Tuesday, January 20, 2009

Saga of The Swamp Thing #1 - May 1982

The Phantom Stranger returns to a solo series!

With Wes Craven's Swamp Thing movie right around the corner, DC revived the Swamp Thing after years of not having a regular title to call his own. Produced by the team of Martin Pasko and Tom Yeates, Saga of The Swamp Thing proved to be a wonderfully creepy series, doing justice to the original creation by Len Wein (who was the editor on this series) and Berni Wrightson.

Unfortunately, this run was sandwiched in between the original, groundbreaking one, and an even more groundbreaking one by Alan Moore, leaving this series a little unappreciated in the history of the character.

But of course, that's not what we're here to talk about--we're here to discuss the return of The Phantom Stranger as solo series star, in a back-up strip in this book.

This first tale is by Bruce Jones and artist Dan Spiegle, and is titled "...In Shadowed Depths":

The reverend's words inspire the congregation, and an old, grizzled woman named Mama Balloo donates the little bit of money she has to the cause.

After the sermon is over, the
reverend meets up with her, but is angered to see she still wears a charm around her neck which is a symbol of voodoo. Mama Balloo claims its just for decoration, and they make plans to meet up the next day.

He then steps into a waiting limo, and the reverend is not all what he seems to be:

On her way home, Mama Balloo is mugged, but The Phantom Stranger is there as well, and makes quick work of the thugs.

The next day, the reverend shows up at Mama Balloo's tiny apartment, bringing her a box of chocolates. He asks her for a favor--for her to make a "delivery for the Lord", and we get the sense this is not the first time he has asked her to do this.

On the way to her destination, Mama Balloo runs into a young man named Pete, who used to belong to the voodoo cult she used to lead(!). An argument ensues, and the package is torn open, and we see inside are packages of heroin!

Later that night, the Reverend is attacked in a drive-by, but the Stranger reappears in time to save him:
Eventually, he makes his way back to Mama Balloo's house to pick up the package she was supposed to bring back with her, but he finds her sitting in the corner of her apartment, performing some sort of voodoo ceremony.

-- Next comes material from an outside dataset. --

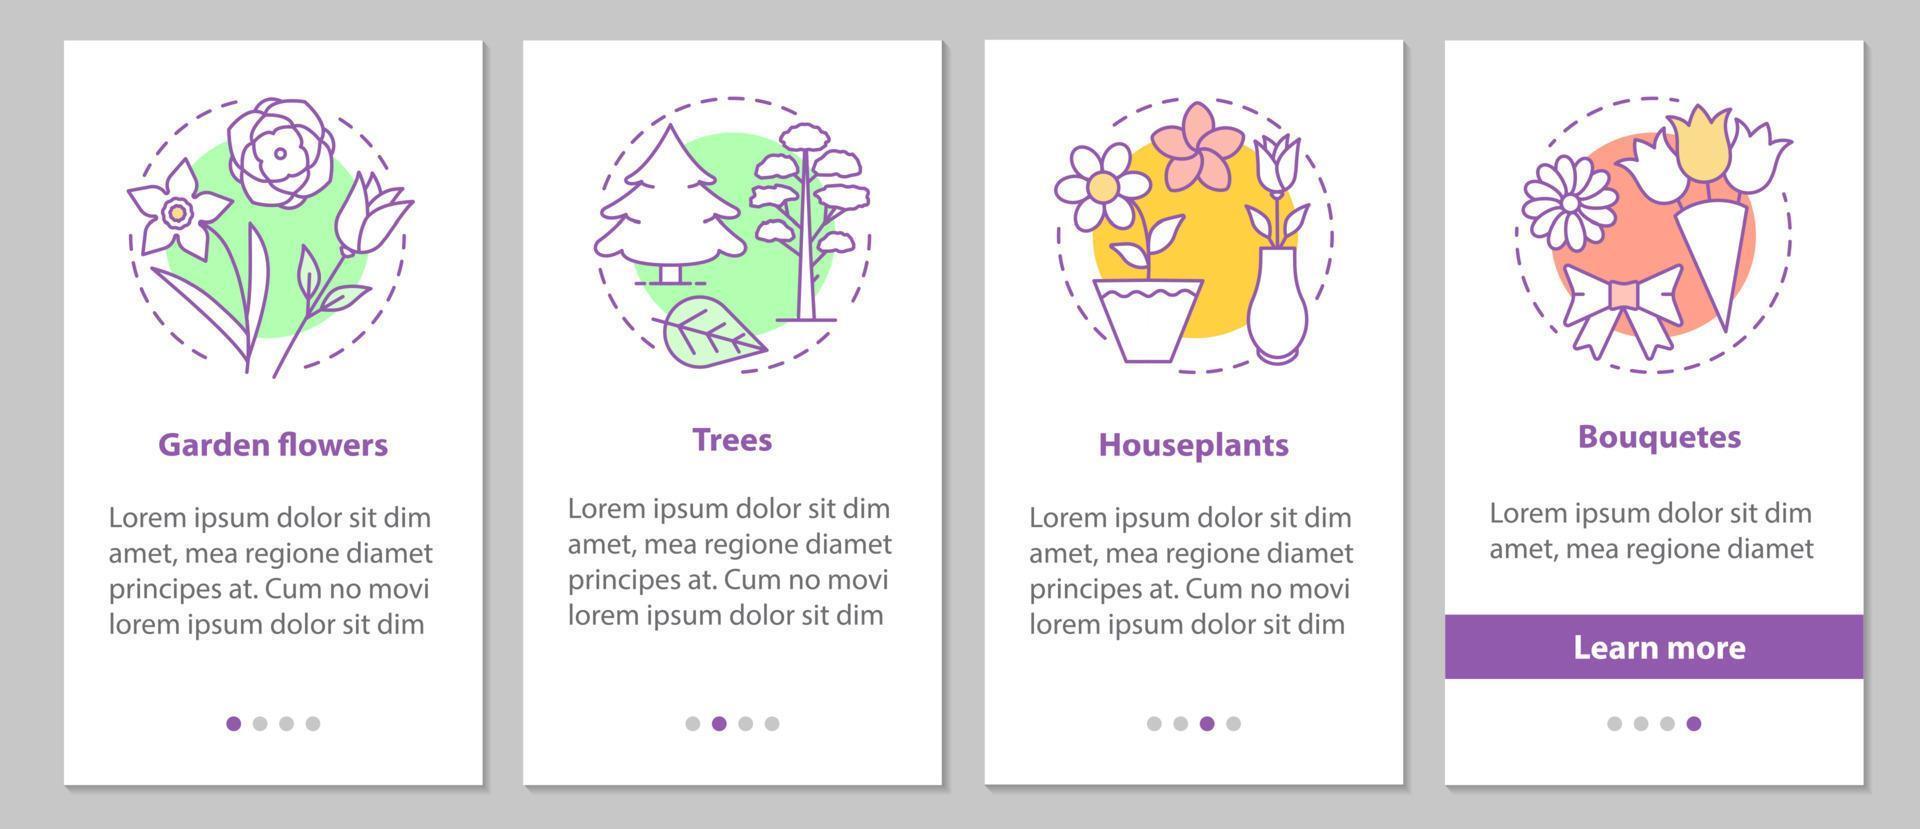 Pflanzen Onboarding mobiler App-Seitenbildschirm mit linearen Konzepten. Gartenblumen, Bäume, Zimmerpflanzen, Blumensträuße Schritte grafische Anweisungen. ux, ui, gui Vektorvorlage mit Illustrationen vektor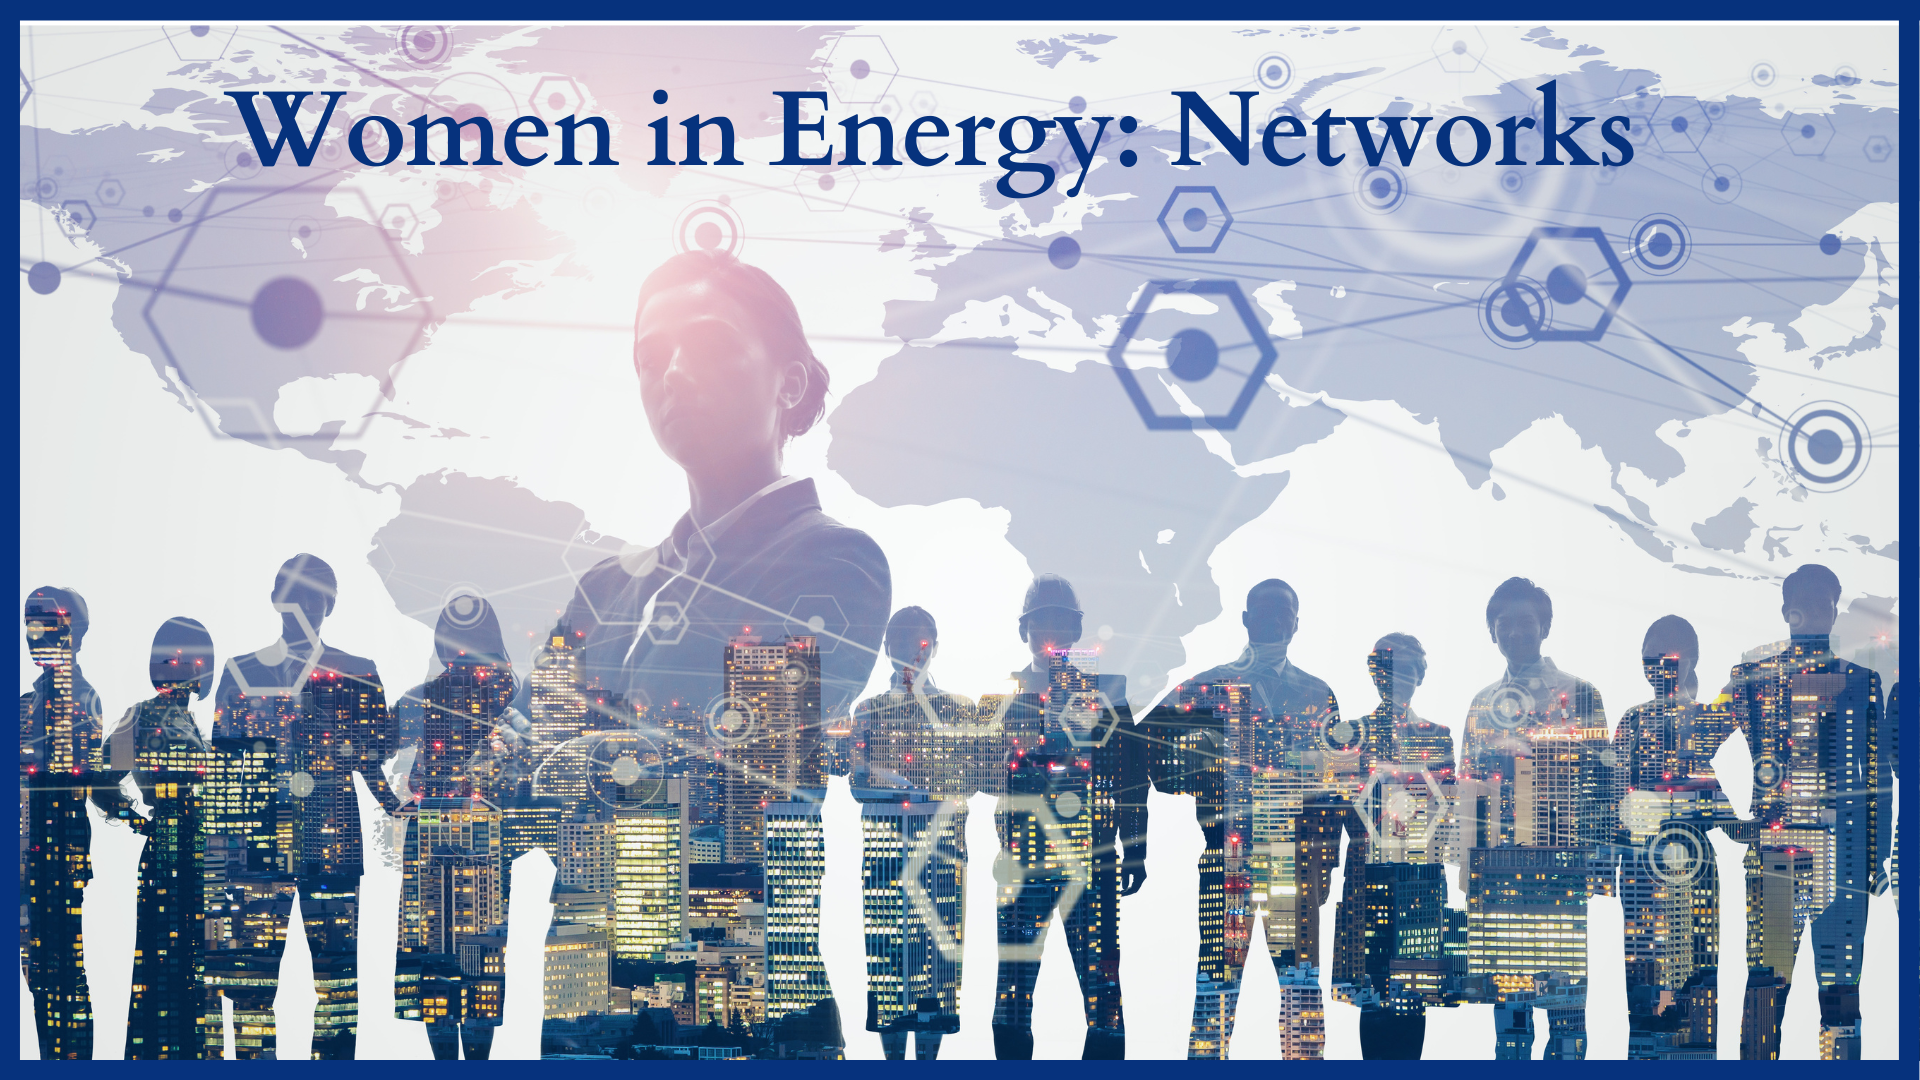 Women's Network

He grabs the box that contains the money, but:

Nice to see The Phantom Stranger back in his own strip, even if it is just as a back-up. With only nine pages to work with, the decision was made to have the stories be less about the Stranger and be more EC-style morality tales, with the Stranger taking part in them.

Dan Spiegle was an interesting choice to draw the strip, and his naturalistic style gives the story an extra layer of gritty realism.


Anonymous said...

I never bought an issue of "Swamp Thing" before Alan Moore began writing it, so I had no idea this Stranger strip existed! Another great service this blog has performed.

rob! said...

Glad to be of service!

Anonymous said...

I remember buying this series when it came out, but I totally do not remember the PS back-ups. Hmmm... selective memory again, I guess.

M W Gallaher said...

Spiegle's one of my top 5 favorite artists, a place or 3 behind Aparo. I wouldn't have pictured him on PS but he did some excellent work on these backups.

Anonymous said...

I never knew Dan Spiegle drew the Stranger, so it's good to hear about this story. Spiegle is one of my favourite artists, and from the pages on display it looks like he did justice to our hero.